ALDH2 and NFκB Activation Restores VEGFR2 Expression and Angiogenesis Impaired by 4-HNE in Coronary Endothelial Cells

4-hydroxy-2-nonenal (4HNE), a reactive aldehyde produced during lipid peroxidation, reduces angiogenesis in cultured mouse coronary endothelial cells (MCECs). In our previous studies, we found that 4HNE lowers both mRNA and protein levels of vascular endothelial growth factor receptor 2 (VEGFR2), a key regulator of angiogenesis. Since VEGFR2 transcription is regulated by nuclear factor kappa B (NFκB)—a well-known transcription factor—and aldehyde dehydrogenase 2 (ALDH2), a mitochondrial enzyme that detoxifies 4HNE, we sought to investigate how the interaction between ALDH2, 4HNE, and NFκB and VEGFR2 affects angiogenesis.

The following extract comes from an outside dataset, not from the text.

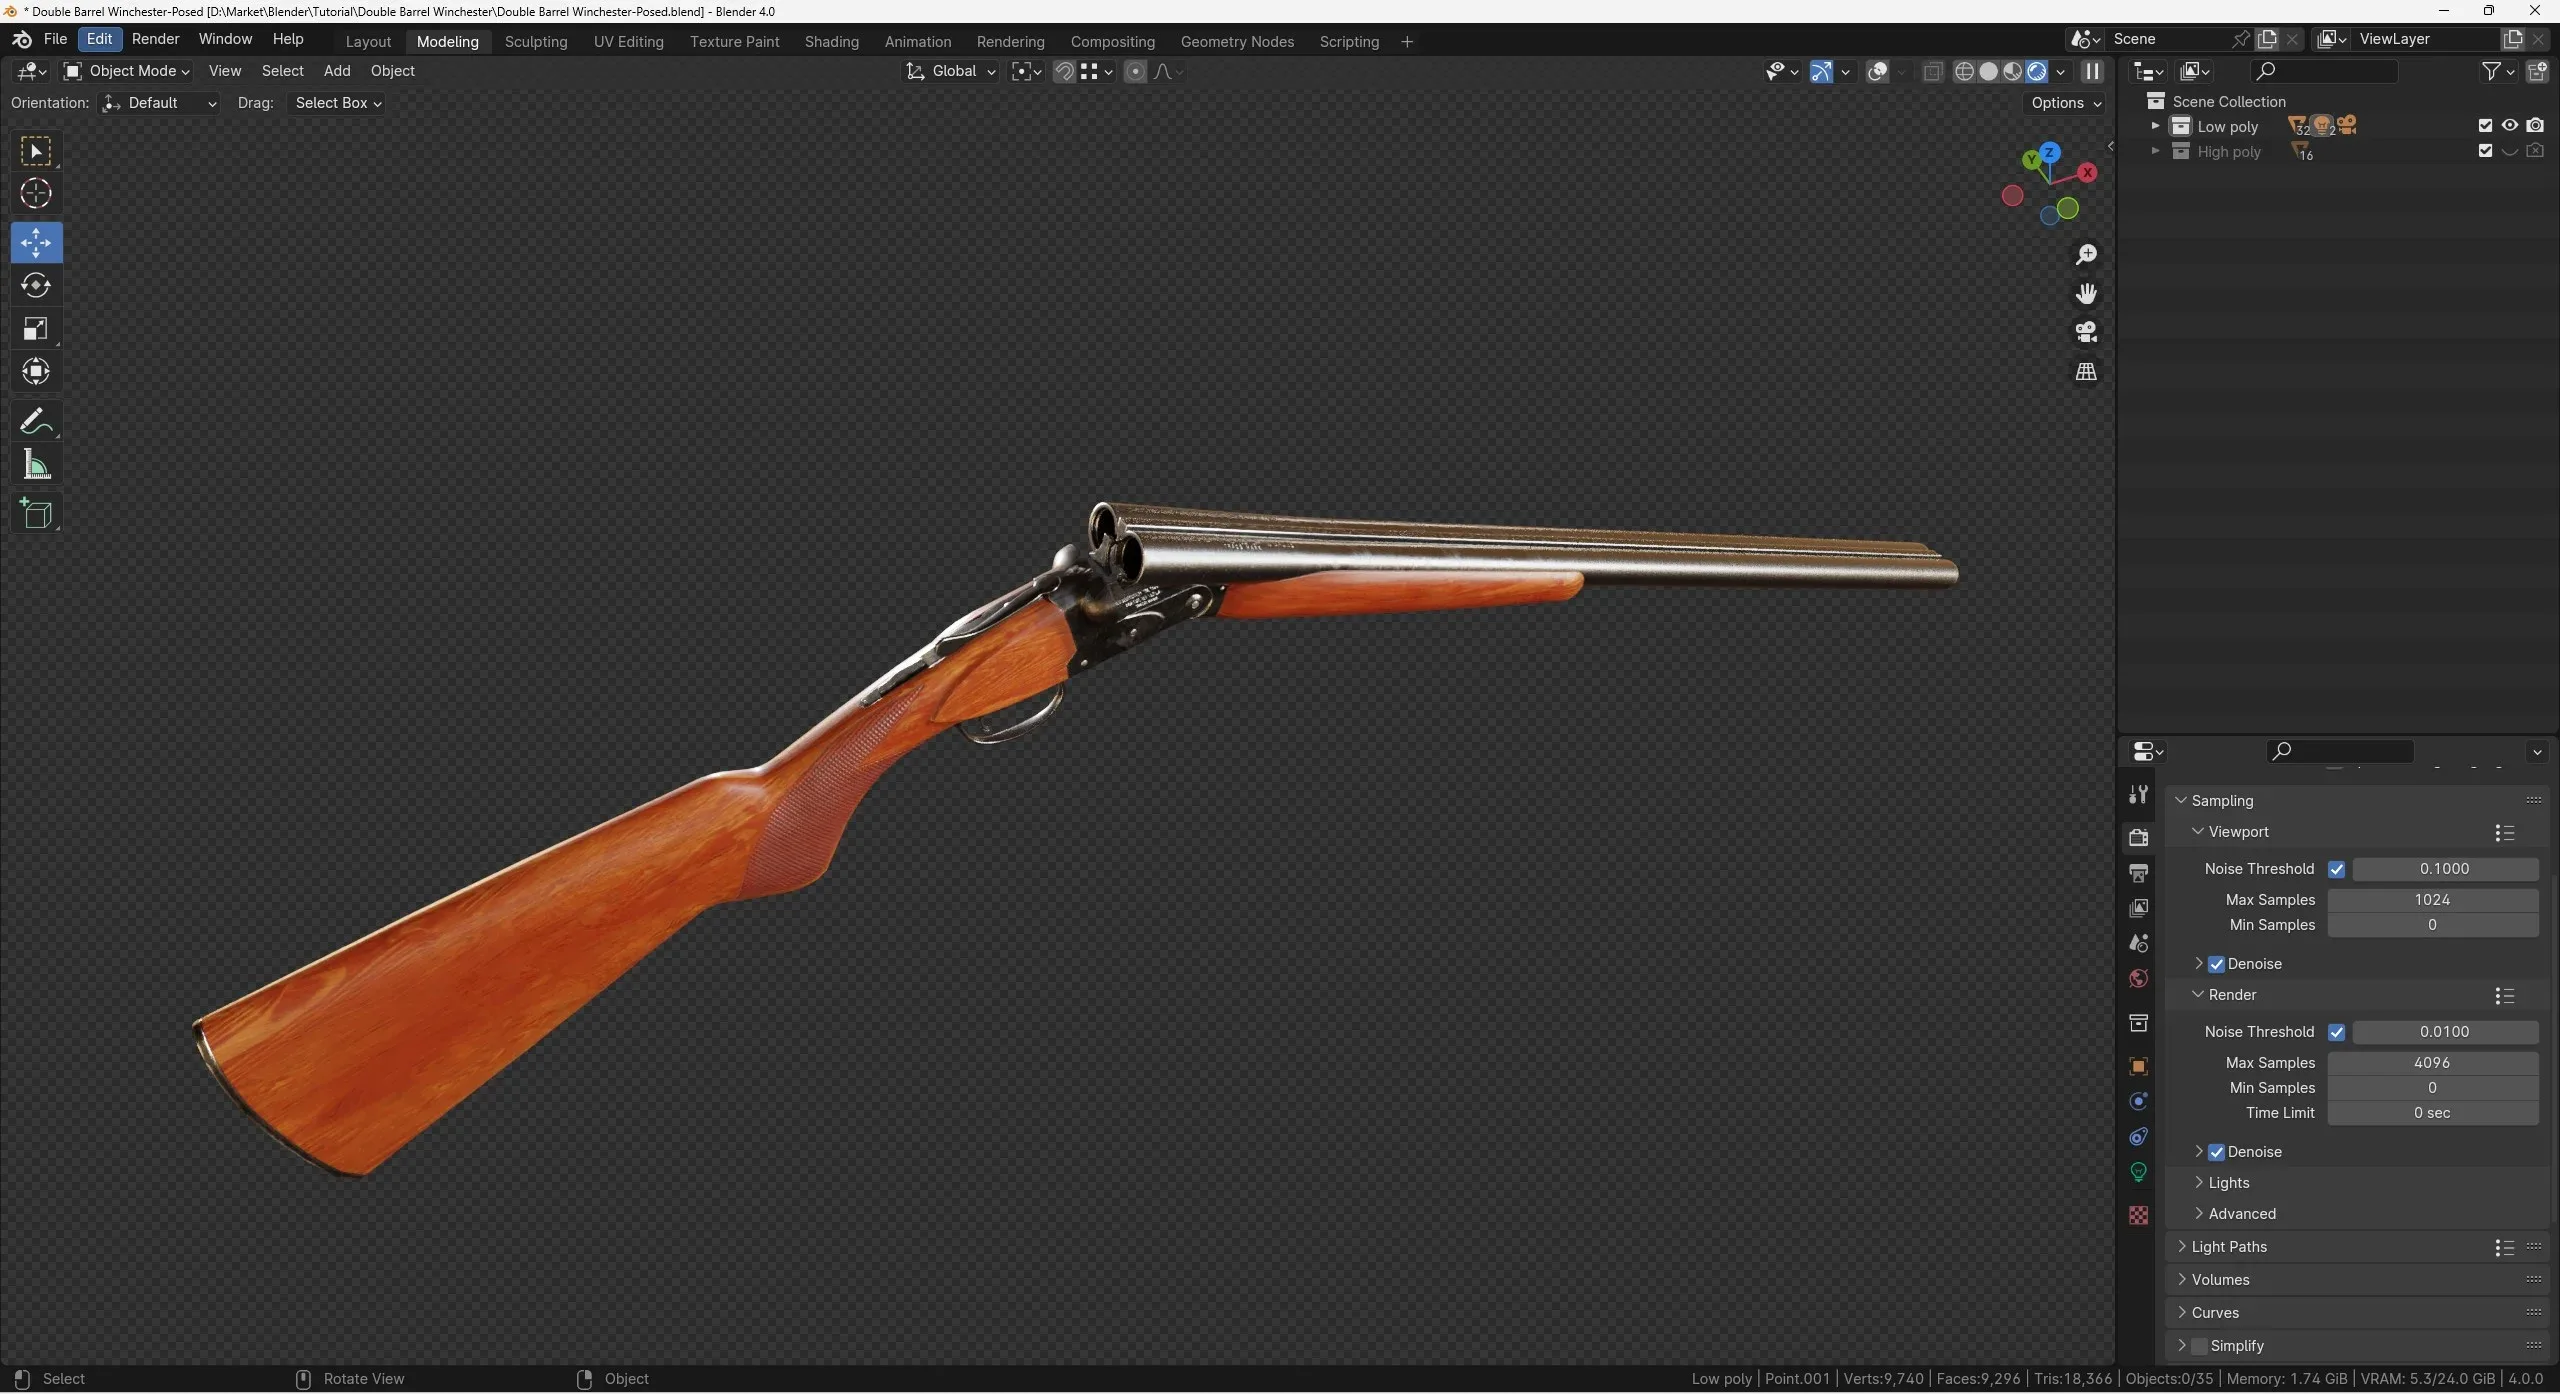 Creating Double Barrel Winchester inside Blender and Substance 3D Painter

Given that coronary endothelial cell rarefaction contributes to cardiometabolic conditions such as heart failure with preserved ejection fraction (HFpEF), it is imperative to study the underlying signaling mechanisms regulating coronary angiogenesis. In this study, we hypothesized that activation of ALDH2 enhances NFκB signaling, thereby preventing the 4HNE-induced reduction in VEGFR2 expression and restoring angiogenesis. To test this, MCECs were treated with disulfiram (DSF; 2.5 μM), an ALDH2 inhibitor; Alda-1 (10 μM), an ALDH2 activator; and prostratin (10 μM), an NFκB activator, prior to 4HNE (75 μM) exposure. Prostratin treatment increased both cellular and nuclear levels of NFκB across all conditions. Alda-1 pretreatment significantly rescued 4HNE-induced impairment of angiogenesis (p < 0.005 vs. 4HNE), while prostratin further enhanced Alda-1's effects (p < 0.005 vs. Alda-1 alone). Alda-1 restored VEGFR2 levels suppressed by 4HNE, and this effect was further potentiated by prostratin (p < 0.0005 vs. Alda1). In conclusion, NFκB activation enhances the protective effect of ALDH2 against 4HNE-induced angiogenic dysfunction by restoring VEGFR2 expression.